7 Apr (NucNet): The US Department of Energy has suspended a number of joint civil nuclear energy projects with Russia because of Russia’s “actions in the Ukraine”, Russian state nuclear energy corporation Rosatom has announced.

Rosatom said in a statement that the move affected “certain joint projects” between the two countries and “specifically refers to a number of scheduled technical meetings on scientific topics”.

Rosatom said it considers this move “a mistake that contradicts the constructive atmosphere that has built up in relations with the US Department of Energy in recent years”.
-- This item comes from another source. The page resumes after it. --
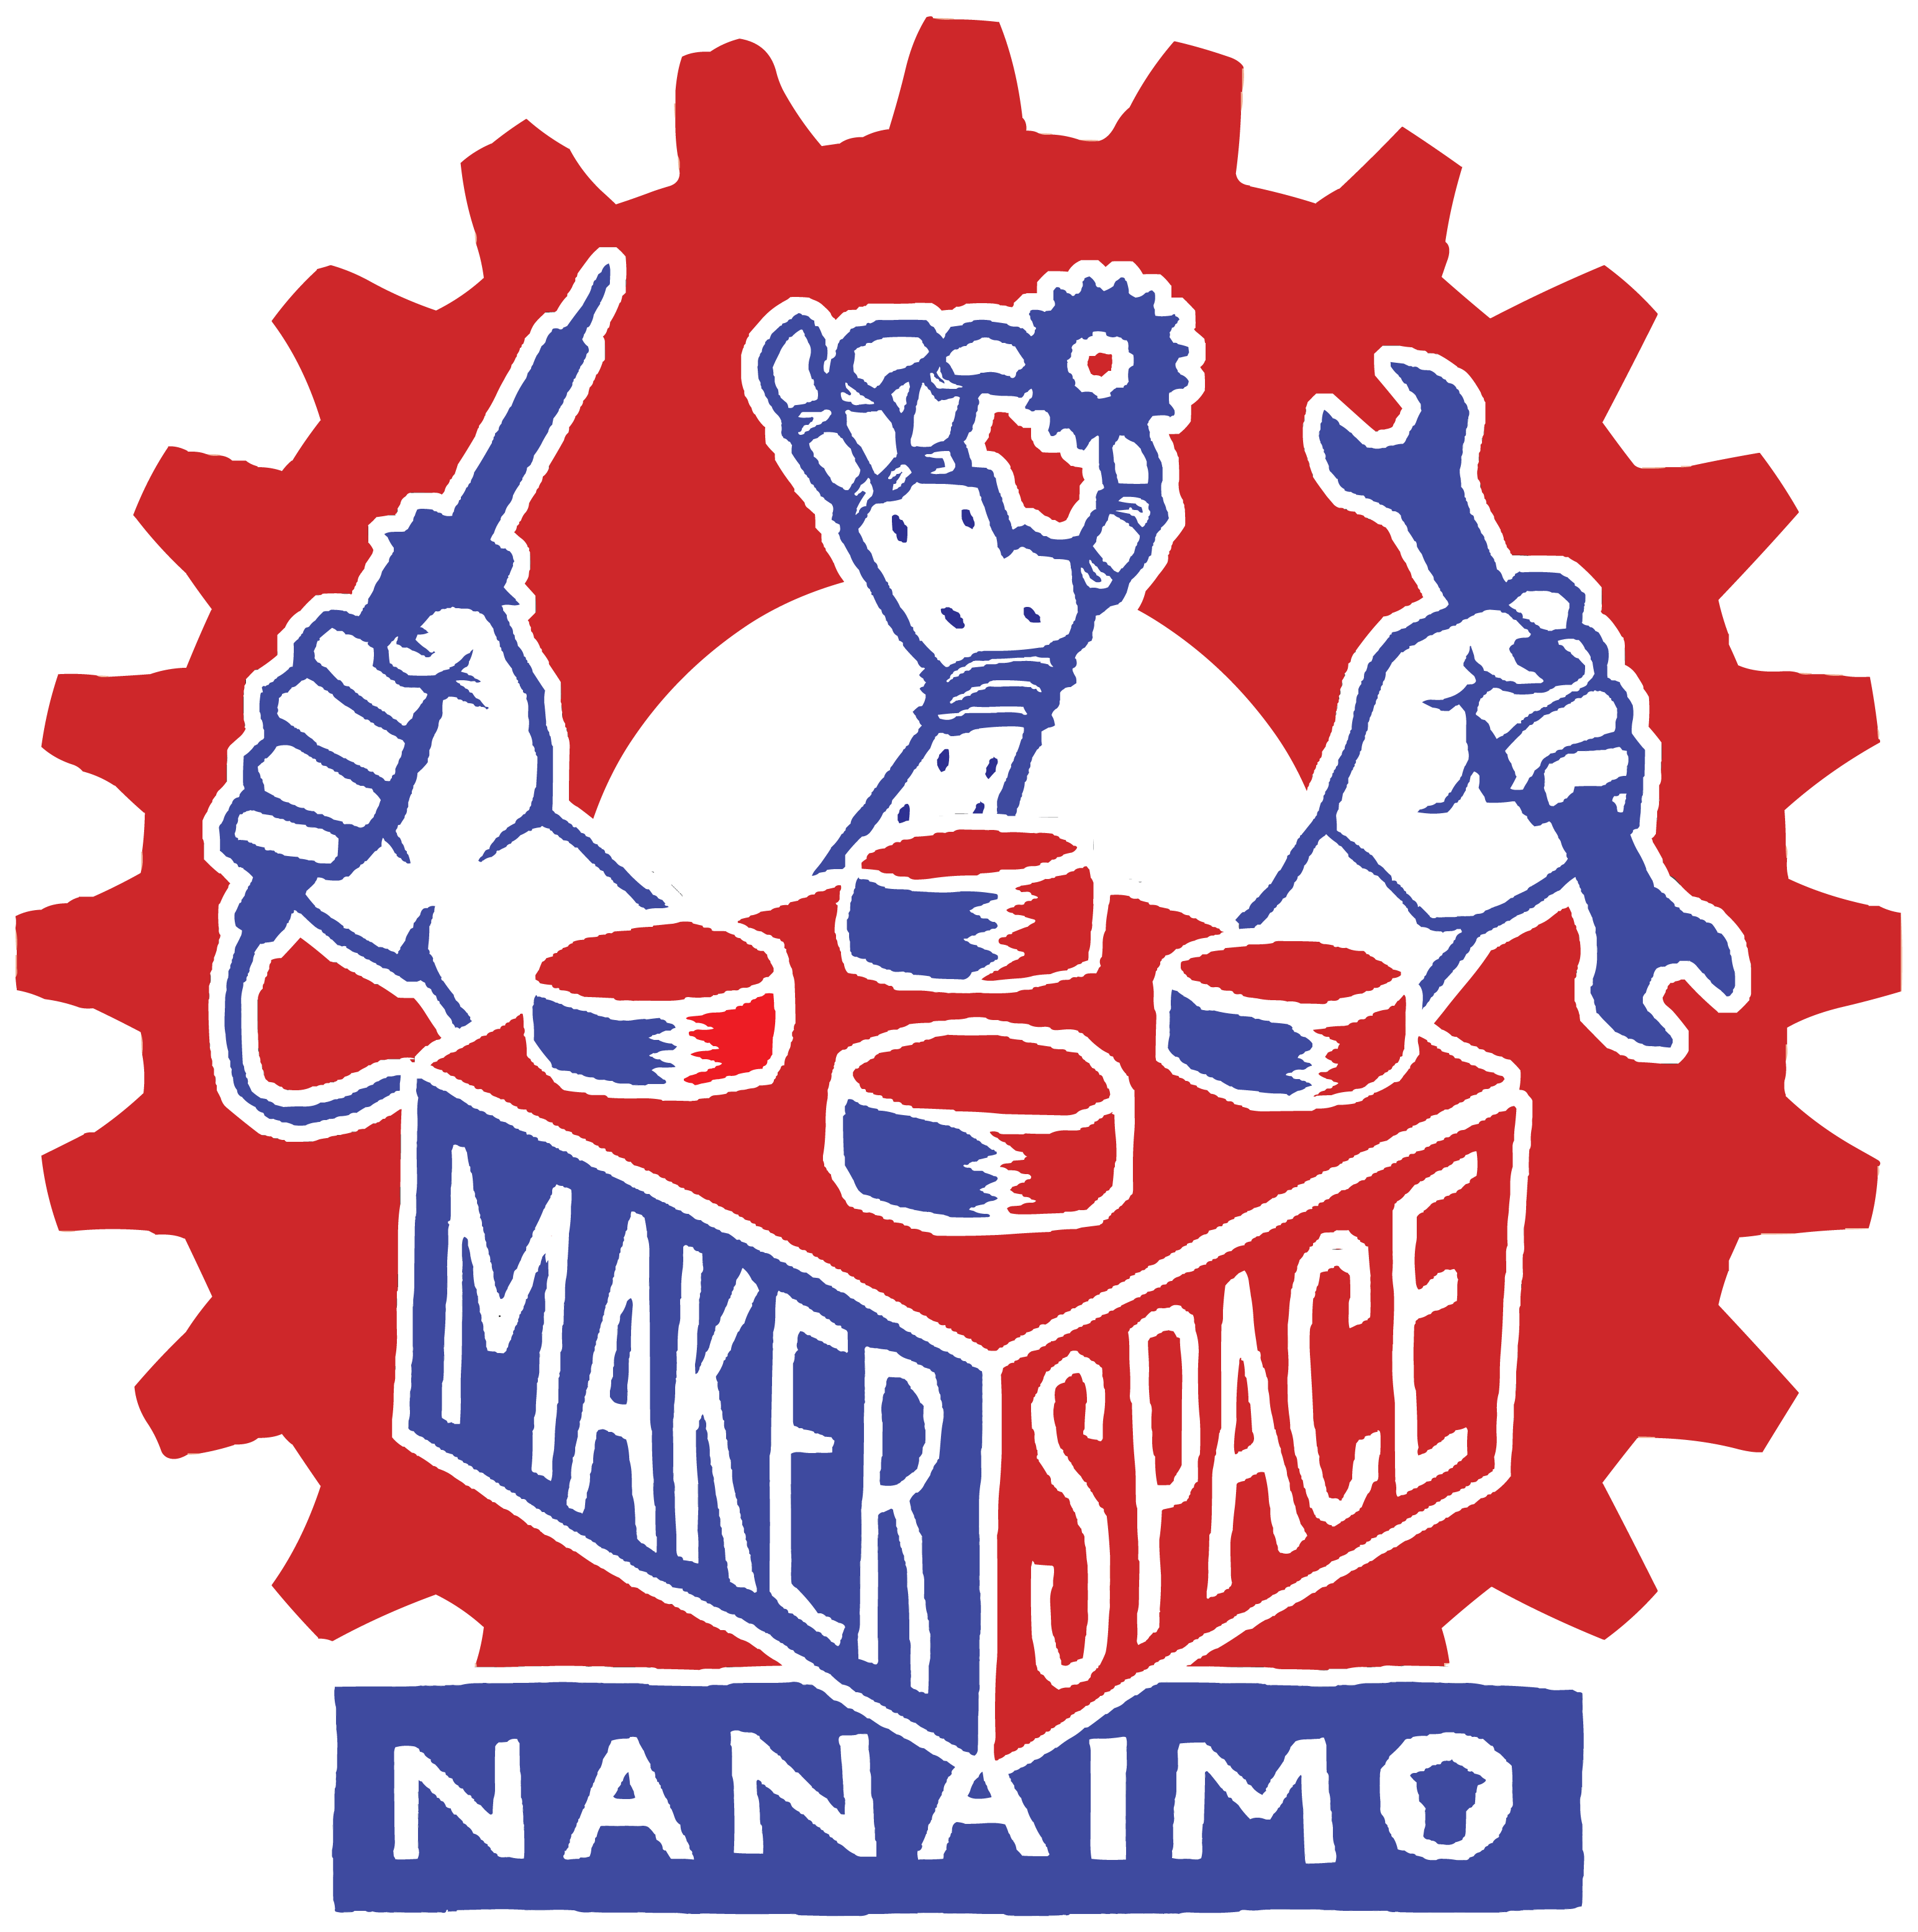 Makerspace Nanaimo Logo full recolor.png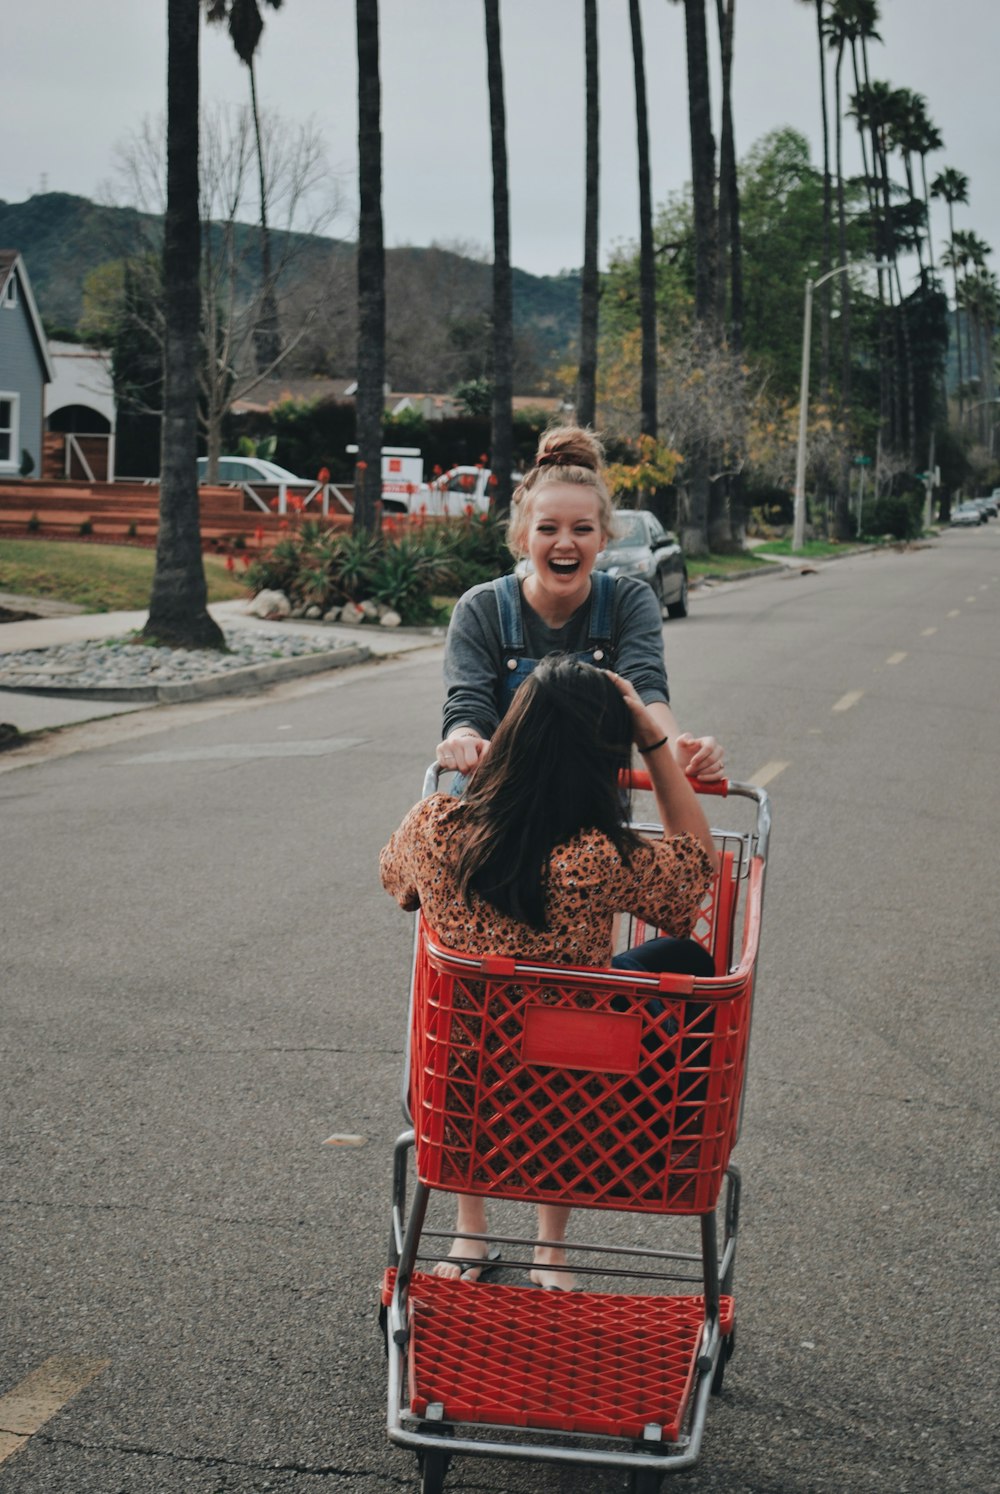 woman pushing shopping cart with woman riding in it

Nuclear energy requires a responsible and professional approach on the part of all participants in terms of international cooperation, Rosatom said. “Politics should have no place in this field,” the statement said.

The statement added: “Rosatom stresses that any attempts to impose unilateral restrictions in this area will affect the initiators of such moves first.”

In September 2013, Rosatom and the DOE signed an agreement to establish contact between laboratories and institutes in the two countries to carry out research and development in areas of nuclear energy such as fast reactors and fuel irradiation.

The DOE said the agreement would complement provisions of the US-Russian Agreement for Cooperation in the Field of Peaceful Uses of Nuclear Energy, which came into force in January 2011 and opened new opportunities to work together on a wide range of issues in this sphere.

Meanwhile, a TNS Gallup survey commissioned by Finnish newspaper Helsingin Sanomat showed that almost 50 percent of Finns do not want Rosatom to build the Hanhikivi-1 nuclear reactor in Finland.

The newspaper said the crisis in Ukraine and Crimea has resulted in Finns having “second thoughts” about the construction of a nuclear power plant using Russian technology.